**Task item:**
When the line with "Livres Québec 2018" turns up below, begin repeating exactly, and carry on through the line with "Bottega Veneta Large Veneta Hobo Bag in Blue"; no pictures go into the copy.

**Data for processing:**
--------------------

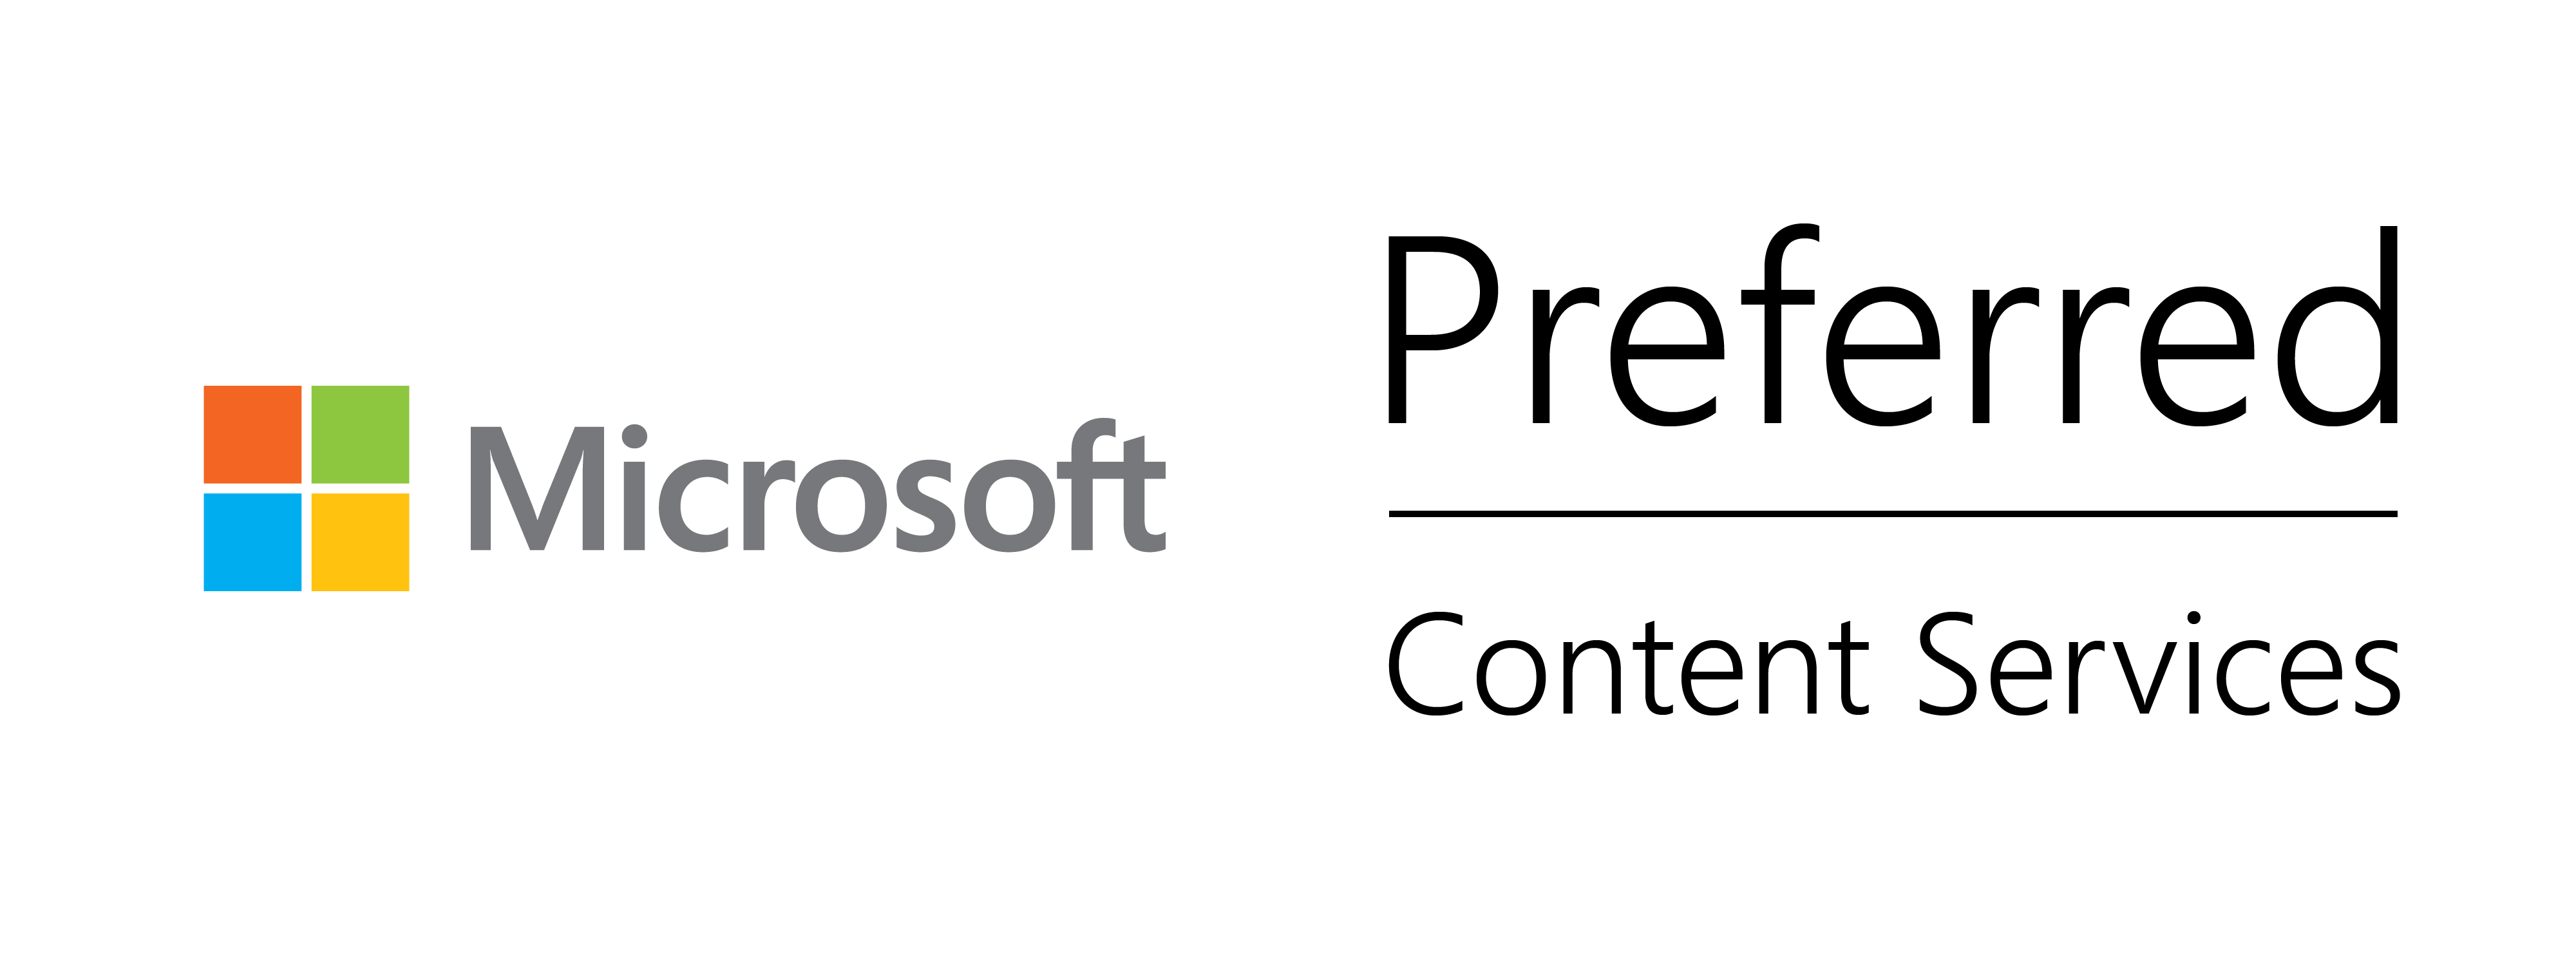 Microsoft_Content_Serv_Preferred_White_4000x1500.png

--------------------

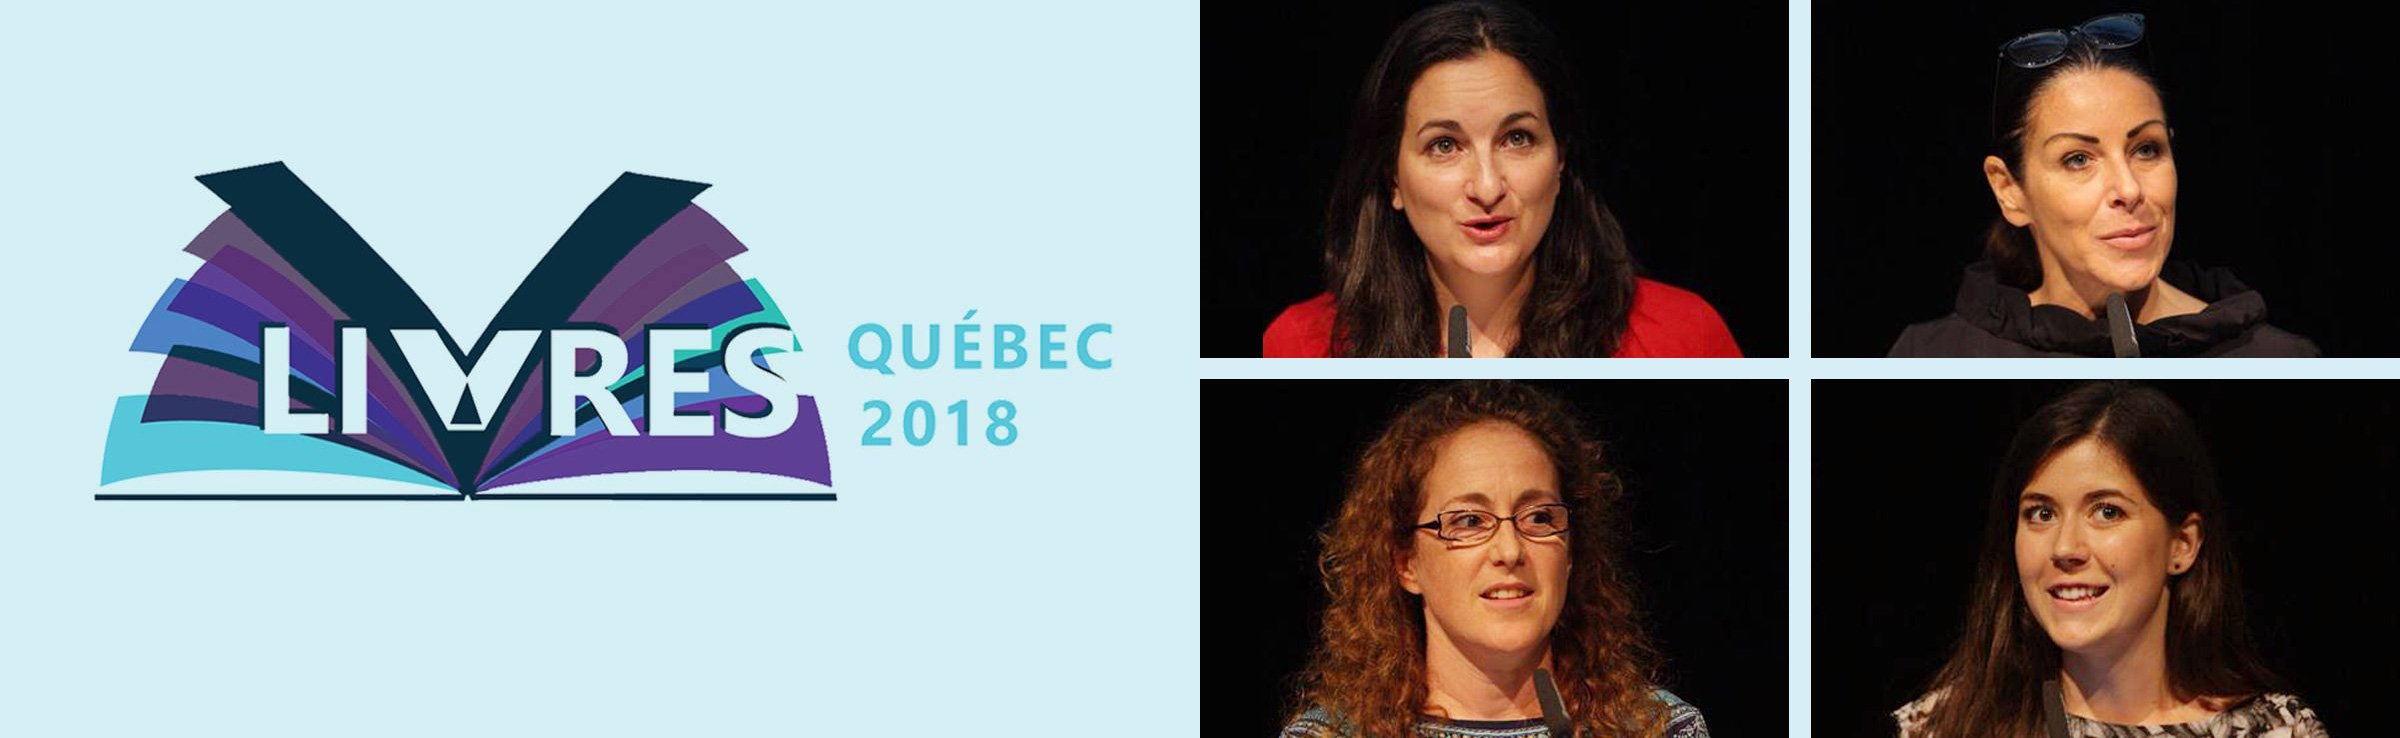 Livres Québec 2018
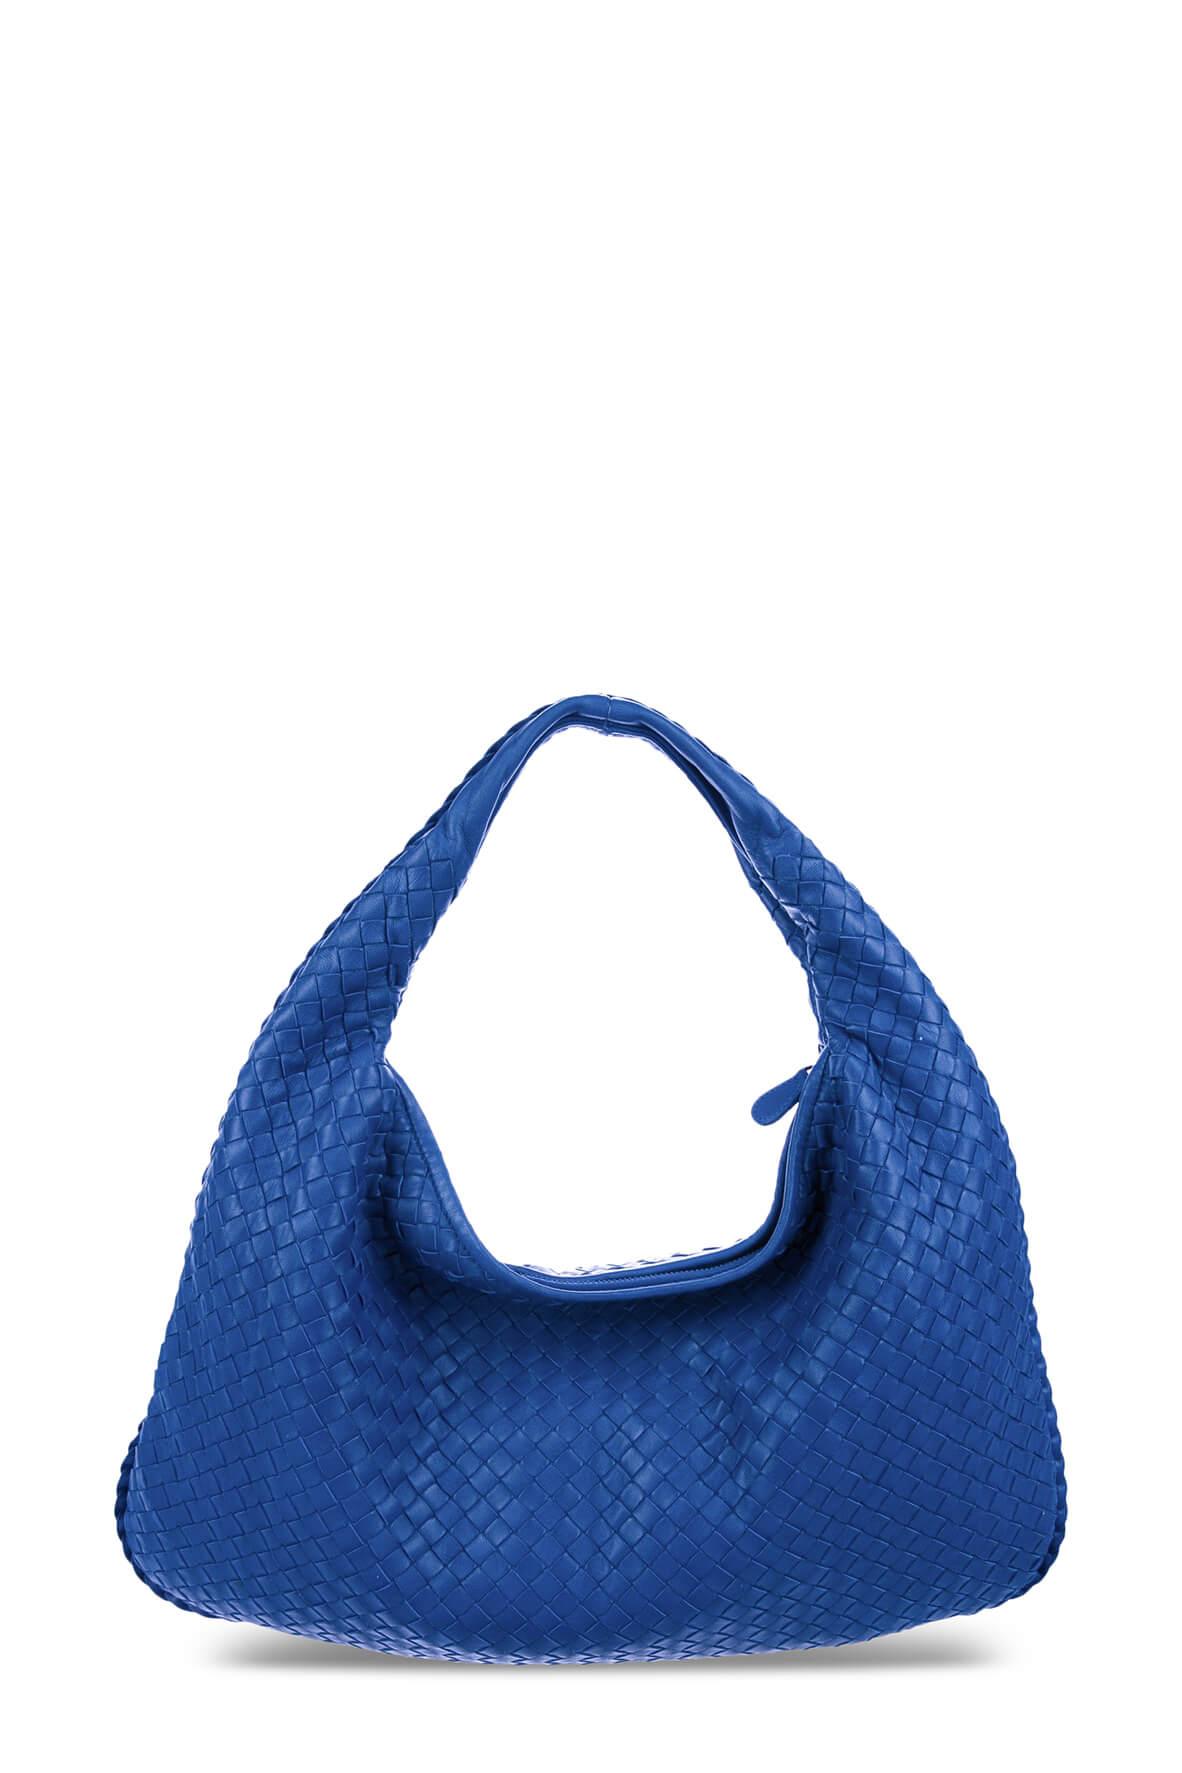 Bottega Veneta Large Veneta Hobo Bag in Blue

--------------------

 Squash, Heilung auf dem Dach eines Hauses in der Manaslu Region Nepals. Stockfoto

--------------------

**Output for this exercise:**
 Livres Québec 2018
 Bottega Veneta Large Veneta Hobo Bag in Blue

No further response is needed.